▼

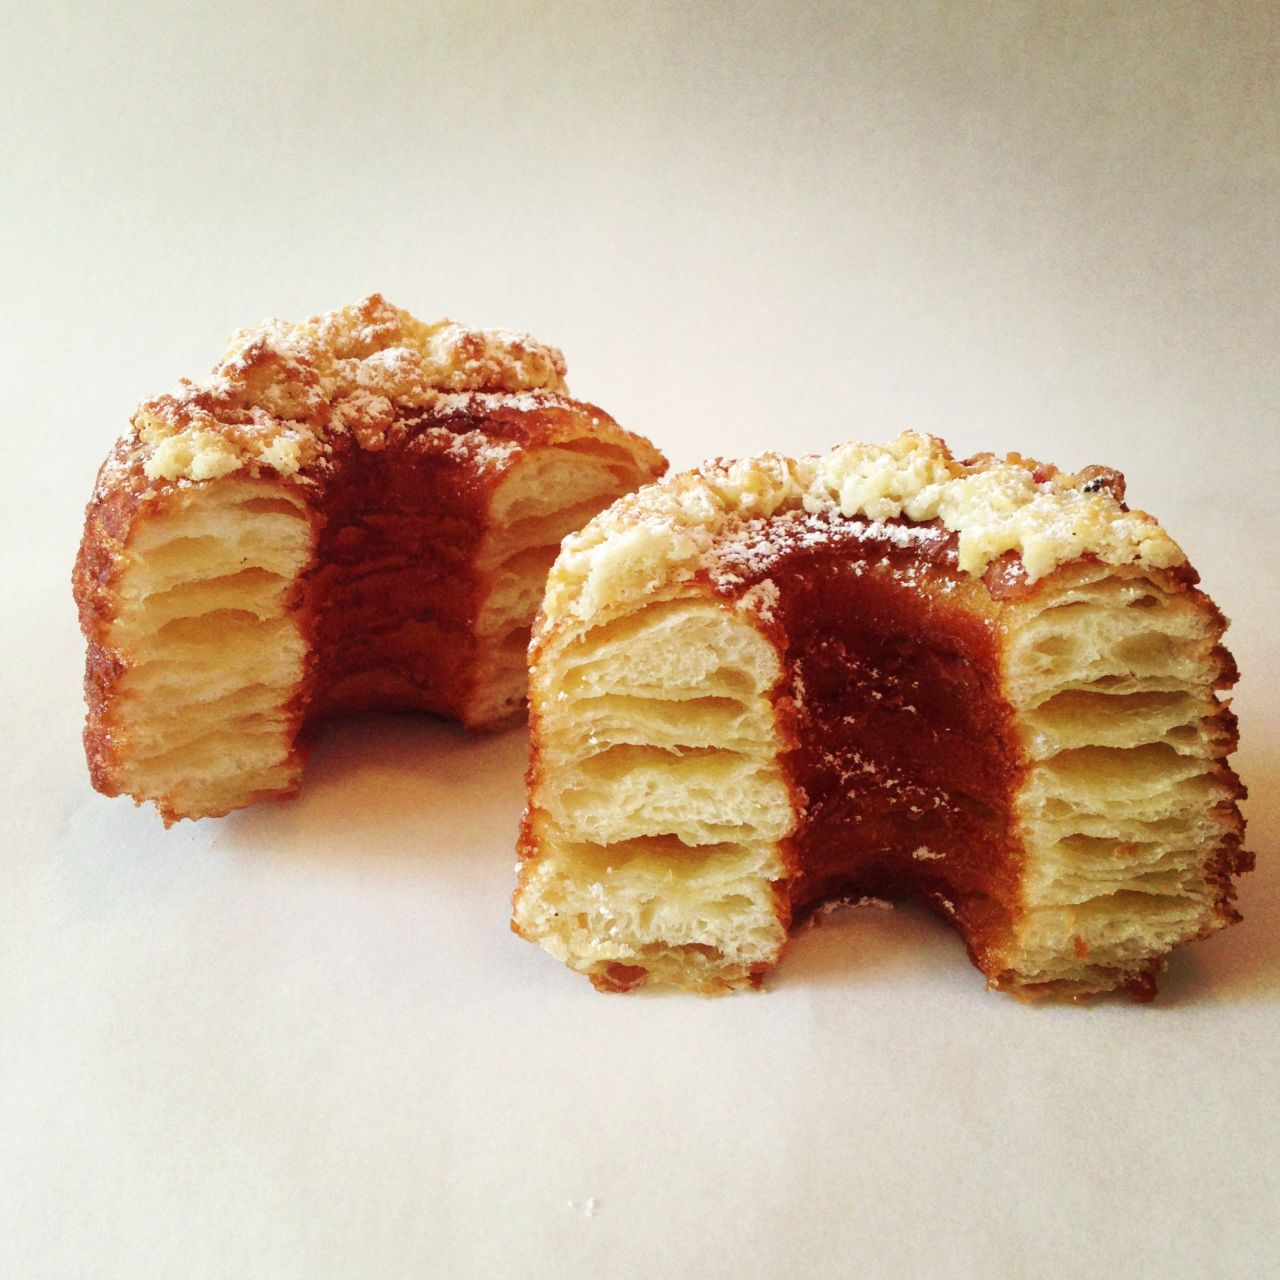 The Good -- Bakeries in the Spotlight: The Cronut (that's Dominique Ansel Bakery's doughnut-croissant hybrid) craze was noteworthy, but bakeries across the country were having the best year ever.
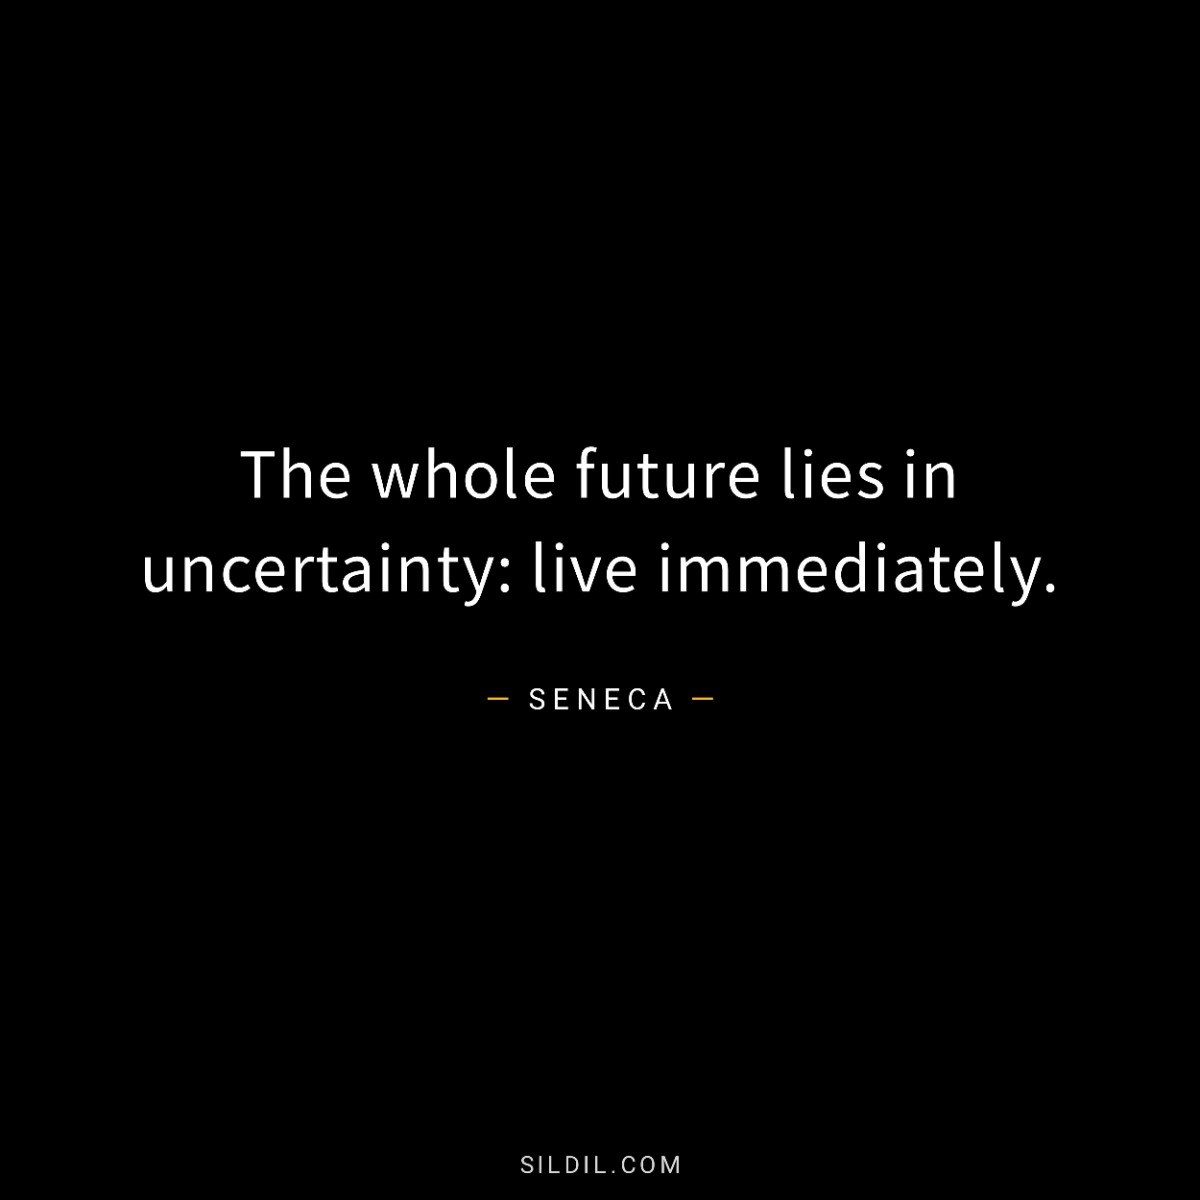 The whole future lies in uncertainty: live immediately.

▲
▼

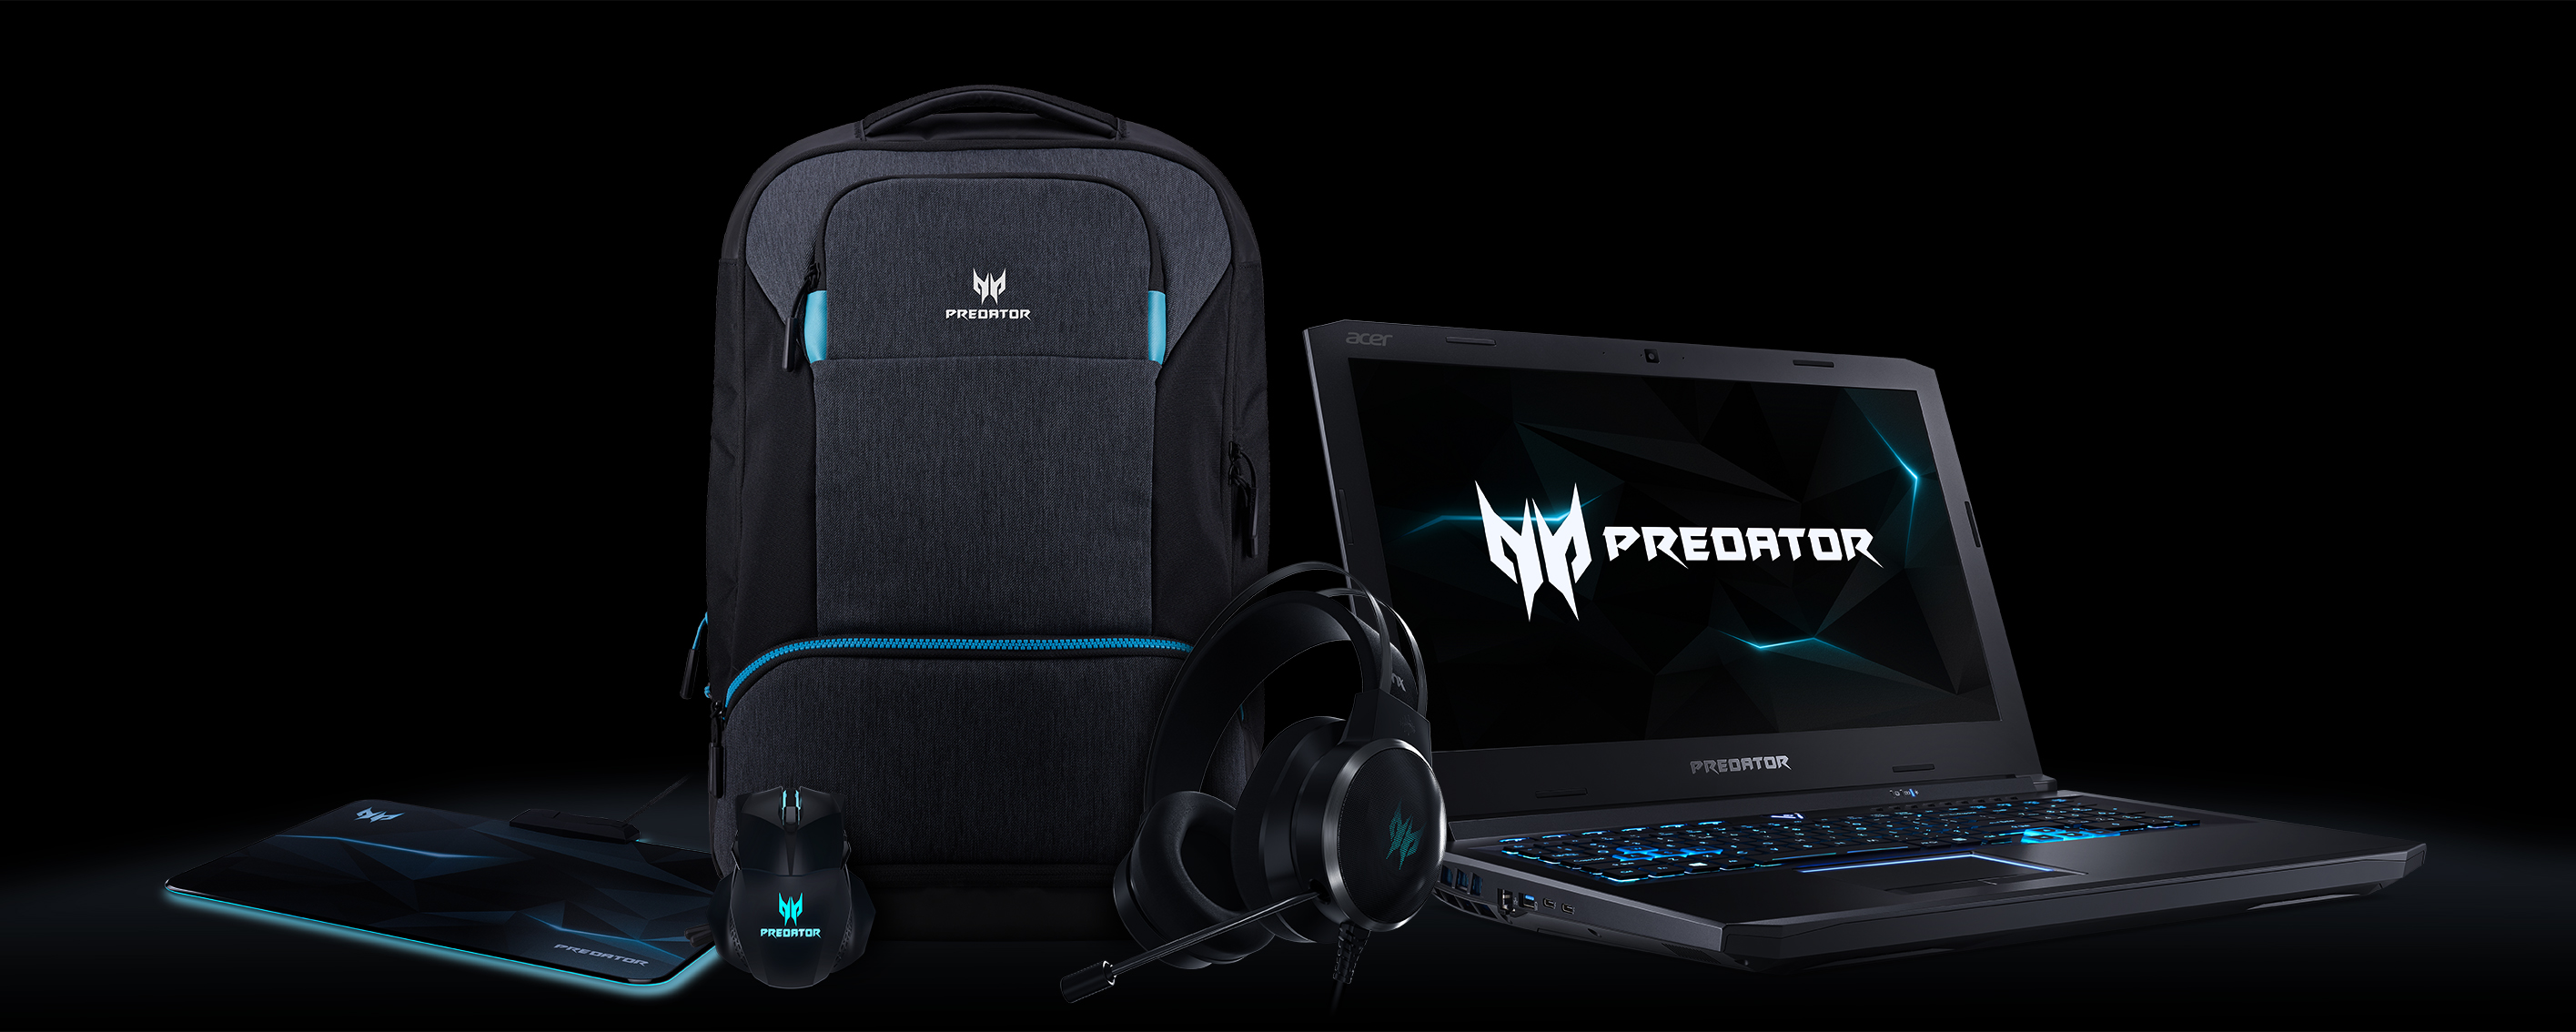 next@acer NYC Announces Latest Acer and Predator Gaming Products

▲

### What is required
Repeat, word for word, the lines of the material above from the one holding "The Good -- Bakeries" through the one holding "The whole future". Leave out pictures.

### Task output
 The Good -- Bakeries in the Spotlight: The Cronut (that's Dominique Ansel Bakery's doughnut-croissant hybrid) craze was noteworthy, but bakeries across the country were having the best year ever.
 The whole future lies in uncertainty: live immediately.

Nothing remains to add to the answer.